I recently covered the report on shale gas by a consortium of environmental organisations headed by the RSPB. I described the report's claim that a study of a shale gas field in the Colorado had found significantly elevated noise levels, and noted its failure to report that the underlying study was actually a model simulation.
Commenters observed that the longer, technical version of the report did in fact describe the Colorado study correctly, and I wondered at the time if this was an isolated discrepancy or whether the short version was systematically hyped up. I have had no time to investigate further but was interested to see this blog post on the website of the Centre for Ecology and Hydrology (CEH), who had reviewed the long version of the report.
Dr Andrew Singer, a soil, water and air pollution scientist from CEH was contracted by the consortium partnership responsible for the report to spend four days to review its scientific content.

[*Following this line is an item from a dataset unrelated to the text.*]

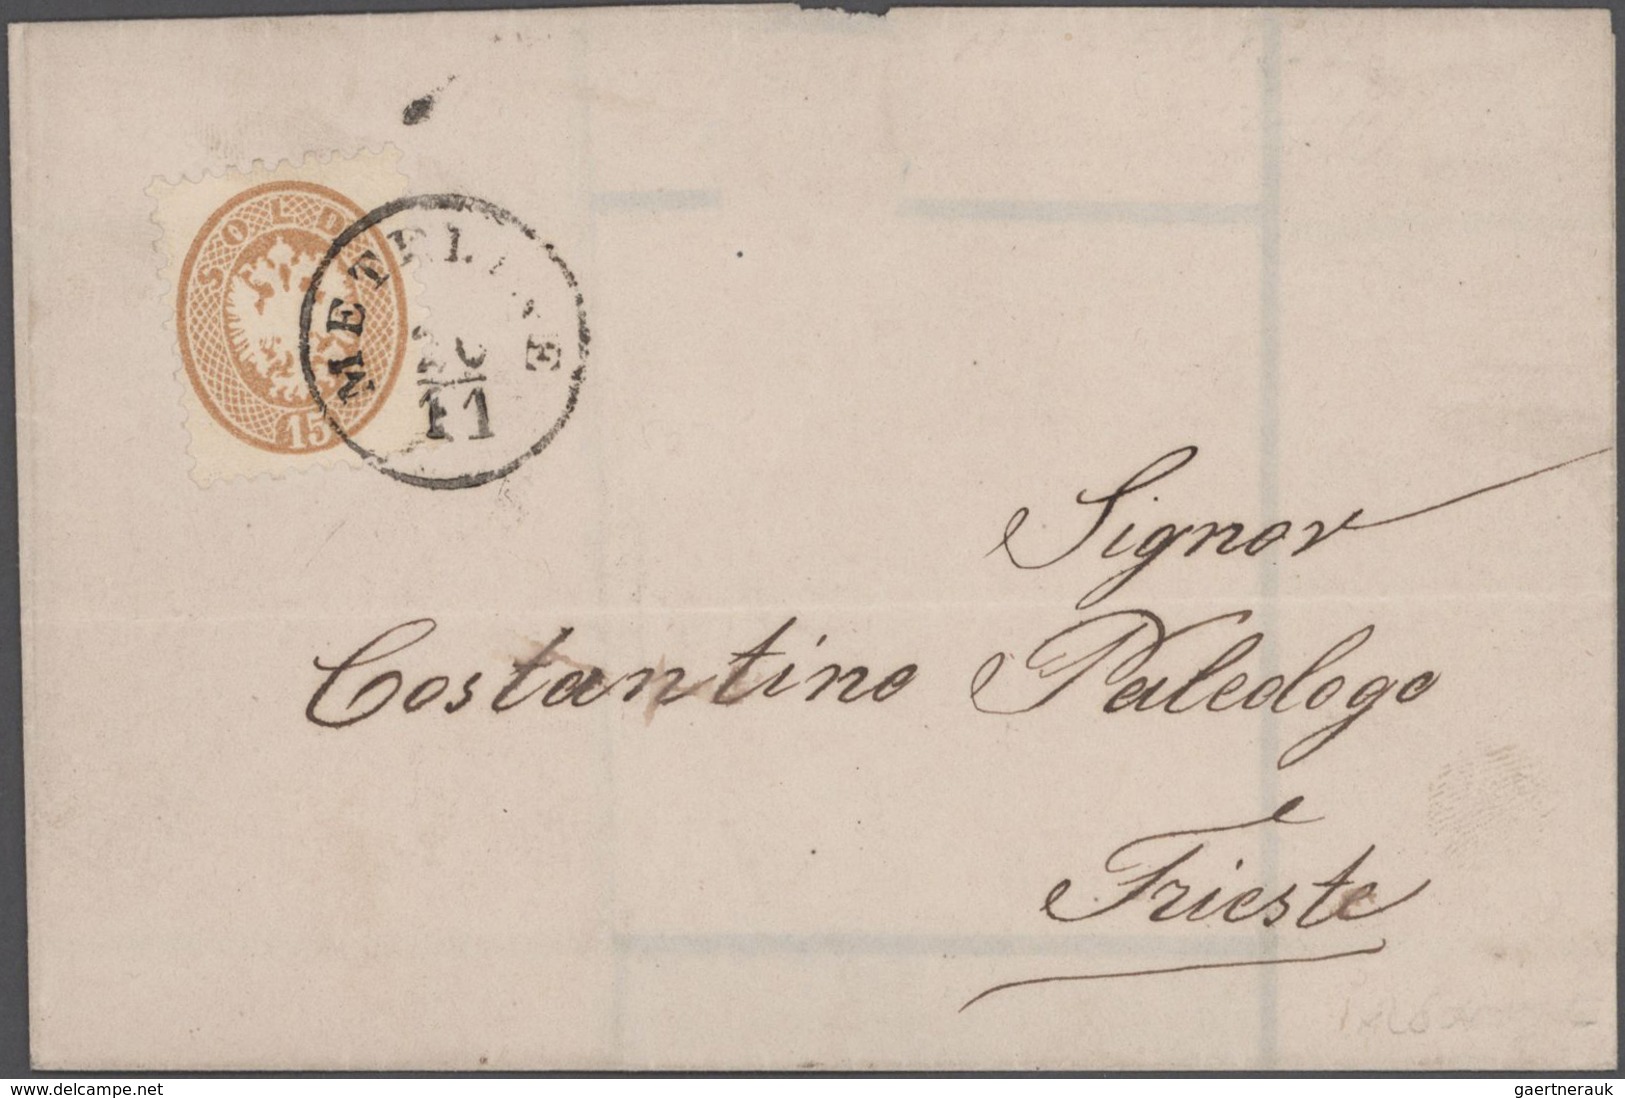 Österreichische Post in der Levante: 1838/1912 ca., gehaltvoller Sammlungsbestand mit ca. 40 Belegen

His role was to provide an independent peer review of the science case put forward in the evidence report’s’ literature review; this was not a systematic review. Dr Singer evaluated the evidence in the report in a similar manner to that used for many literature review papers in scientific journals.
Dr Singer did not examine, or review, the ‘Are we fit to frack?’ summary report published alongside the evidence report. This summary report made ten recommendations related to the potential environmental impacts from the shale gas industry which have been widely reported including on BBC Online.
I have emailed Dr Singer to see if he had become aware of other discrepancies between the two versions, but he tells me that he has not even looked at the short version.